Brown fails to punish rebellion in the ranks
Defence Secretary's aide attacks 'bonkers' opposition to soldiers' compensation
The Prime Minister faces an open rebellion over his attempt to fight compensation claims made by wounded troops after a ministerial aide described the move as "bonkers".
Eric Joyce, a parliamentary private secretary to the Defence Secretary, Bob Ainsworth, said that court cases brought by the Government, which are designed to cut payments to two injured servicemen, were "profoundly wrong". His remarks caused anger among ministers.
Mr Joyce said that the Government should not remove "a penny" from the men who were struggling with injuries and hinted that he would inflict another resignation on Mr Brown if the court action was upheld. Mr Ainsworth has already announced a review of the way in which armed forces personnel are compensated but has refused to drop the test cases.
"Politicians have to recognise that while the public will give us a lot of rope at times, where we get the moral call profoundly wrong on a matter of how we treat our astonishingly brave service personnel, we'll find ourselves dangling at the end of it," Mr Joyce said.
Ministers questioned whether Mr Joyce, a former Army major, should be allowed to keep his role at the Ministry of Defence (MoD). However, Government sources said that Mr Joyce would hold on to his position. Downing St refused to criticise Mr Joyce last night, despite his clear breach of the doctrine of collective responsibility. Ministerial aides are usually expected to step down if they plan to criticise the Government. In an article, Mr Joyce wrote: "A strong technical argument has come into direct contact with what most people think is the right thing to do. While politics has a bad name at the moment, political instincts should by definition usually lead to decisions which most people agree are fair and right.
"In this compensation case, a victory for the MoD in October at the Court of Appeal would come against the backdrop of a giant neon sign saying spelling out the word 'Pyrrhic'. It would represent a victory for bureaucracy over bravery."

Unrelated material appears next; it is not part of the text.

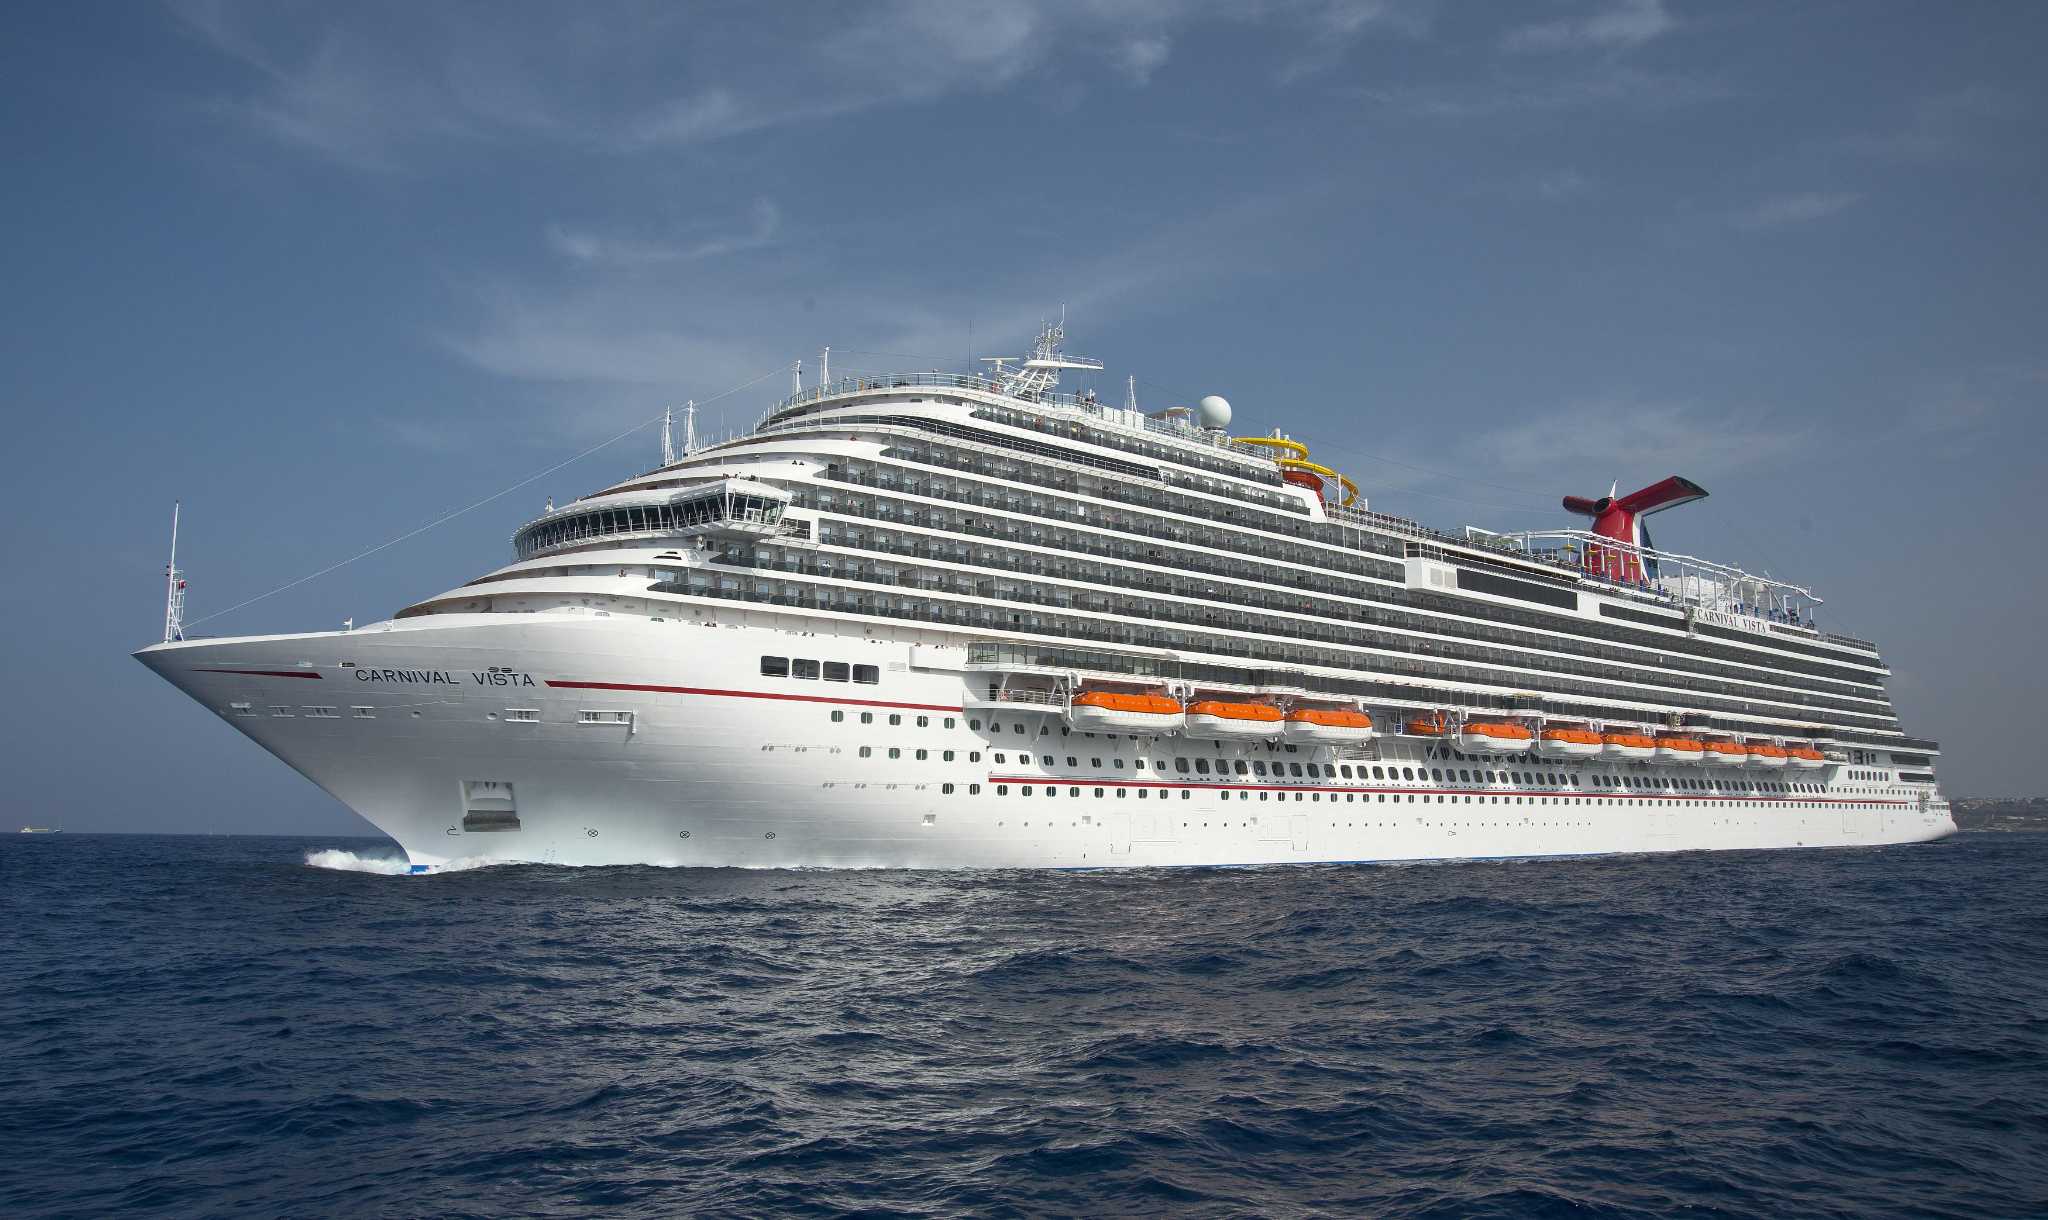 The Vista is the largest Carnival ship ever homeported in Galveston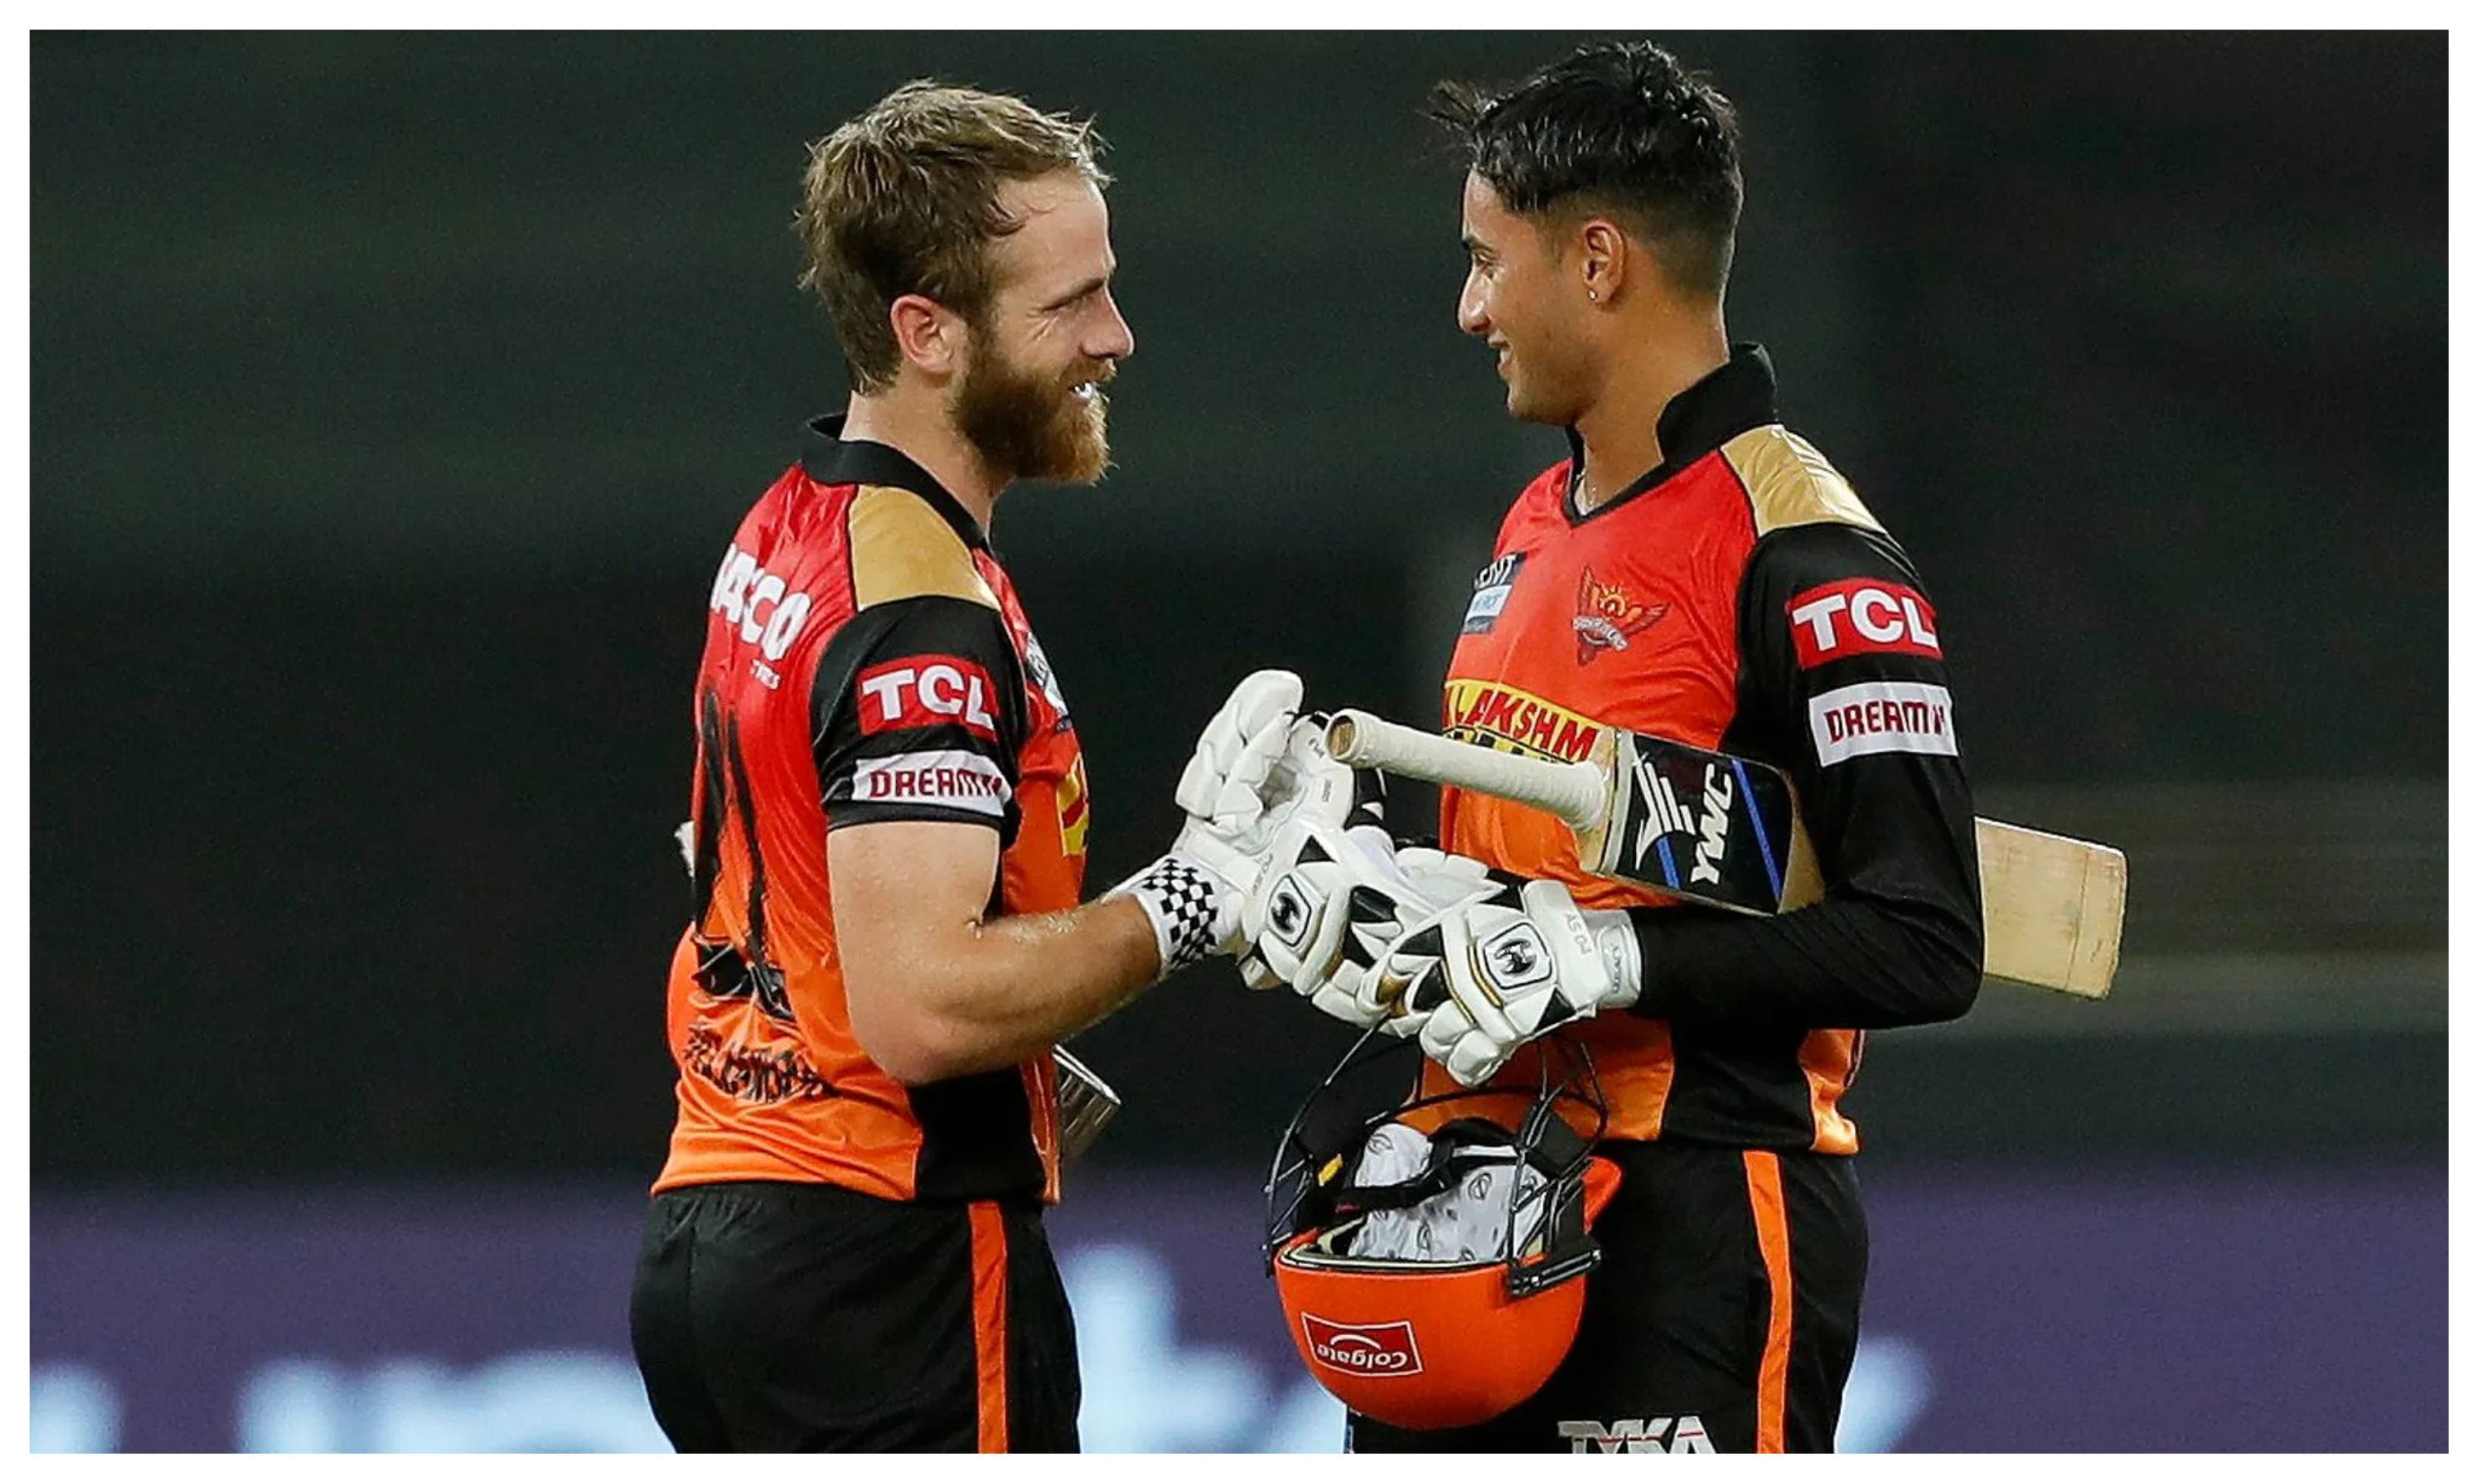 SRH recorded their second win in this year's IPL | BCCI/IPL

The MoD's action in the Court of Appeal, which is ongoing, challenges the payouts awarded to Corporal Anthony Duncan and Royal Marine Matthew McWilliams. Cpl Duncan was originally awarded £9,250 after he was shot in the leg while in Iraq in 2005 but his award was increased to £46,000 as a result of complications during his surgery. Mr McWilliams initially won £8,250 for fracturing his thigh on a training exercise but his payout was later increased to £28,750.
The MoD argues that it should not be held liable to pay for the men's medical complications.
The criticisms from Mr Joyce prompted a fresh offensive from the Armed Forces minister Bill Rammell, who said that not challenging the men's payments would have been "unfair and disadvantaging" to their more seriously injured colleagues.
"If this were about money then the Government wouldn't have doubled the maximum payout in compensation as we did just last year," Mr Rammell told the BBC yesterday. "Those are not the actions of a Government which is resigning from its responsibilities."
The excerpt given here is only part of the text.